# Questions aboutmoving to Freiburg, Germany



## alexgoodmn

I am currently working as an IT engineer in an international company and just got a job offer to move to Freiburg, Germany to work in a more senior position. Moving across continents with my wife we have now tons of questions and I hope you could help us with some:

The company is offering me 50K Euro annual gross salary. In other words I will have 2,400 Euro monthly net salary in my pocket to spend on our life with my wife. I am receiving no relocaiton package. it means no flight ticket from Asia to Europe, no furniture move, and no temporary stay before finding a home in Freiburg. I did a bit of online research and a similar position usually gets around 65K Euro annually and more than 75% of companies globally offer relocation packages. First of all what do you think of the offer?

Considering I accept the offer to move to Freiburg here comes my next questions:

-How difficult is it to find a decent furnished apartment with two bedrooms in Freiburg in a good and lively area near the city center? and how much does it cost me? I'd appreciate a range. Can you mention the names of a few decent neighborhoods in the city?

-How much is it to buy home grocceries for a month? Considering that we do a lot of cooking and other than the weekend that we eat outside for dinner we almost always do the cooking at home. 

-Is it easy to buy a new car with a bank loan in Germany? if yes, for a reasonable car how much do I have to pay for installment? Is it really easy to get around the city without owning a car simply using public transportation? 

Other than the rent, shopping, entertainment, and transportation, is there any other cost I should really consider in Germany? I mean any unusual costs compared to other countries.

How much more would you add to this salary to make my life much easier for both my wife and me. BTW, my wife is not working.

Thanks in advance.
Cheers


----------



## Bevdeforges

I'd be a bit concerned about an offer like that with no relocation provision. Particularly if they are offering you something under the usual salary for the position. You should probably check to see what they are doing about the immigration side of things, and check to see what sort of Probezeit (probationary period) is in the contract. During the Probezeit, they can let you go for no reason at all - and if you don't have any agreement about relocation, you could be stuck in Germany with no visa/work permit and no money to move back to Korea. 

But as far as where to live is concerned - I'd look at the nearby towns, like Gundelfingen, which is just to the north of Freiburg. There is a tram line that runs from Gundelfingen right into the center of Freiburg. And (unless things have changed since I lived there), Freiburg has a daily market in the Messeplatz where you can get fresh produce and other food items year round.

Depending on where you'll be working, you may very well be able to get by without a car. Check to see if your workplace is on one of the tram lines.

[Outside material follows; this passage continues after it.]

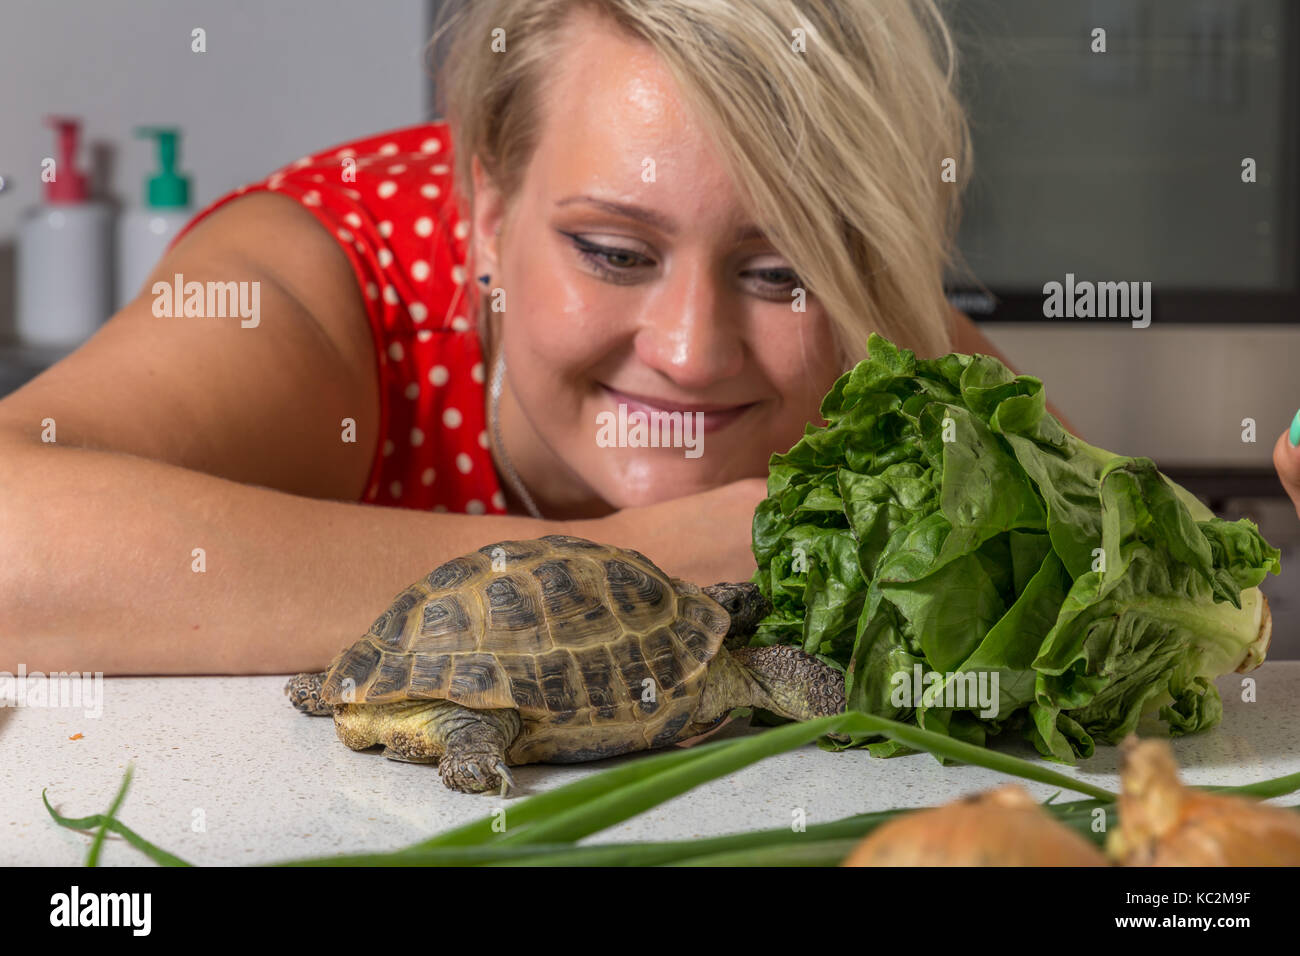 Tortoise eating roman salad while young woman looks at him Stock Photo

I lived in Freiburg for about a year - and I just loved the city. The job, on the other hand, was pretty grim for a number of reasons. I'd check out the terms of employment before getting too wrapped up in life in Freiburg, however. Just the fact of having no relocation allowance seems a bit dodgy.
Cheers,
Bev


----------



## miaux

How many years of experience do you have? Is it a well established company or a startup? 

Sr. positions not necesarily means moving upwards... 

Honestly, the salary that you are offered is a bit low, and remember that in Germany you have to give a 3 month deposit for an appartment, prices, you can check them in immobilienscout. 

When I had 5 years of experience, KIA motors in Frankfurt offered me 5K EUR relocation and a similar salary as yours ( im single)... The job that I finally got in Berlin, paid 1k EUR in relocation, and a similar salary to yours... so here you have a benchmark... Check immobilienscout for prices of appartments in Freiburg, that will take most of your salary. 

Remember that there are other expenses that you should consider, such as the GEZ and the monthly transportation ticket ( in Berlin 78 eur per month). 

For groceries, i would suggest going to Aldi or Lidl, and going on a Saturday evening... as everything will be on sale ( specially fruits and veggies) as they close on sundays... 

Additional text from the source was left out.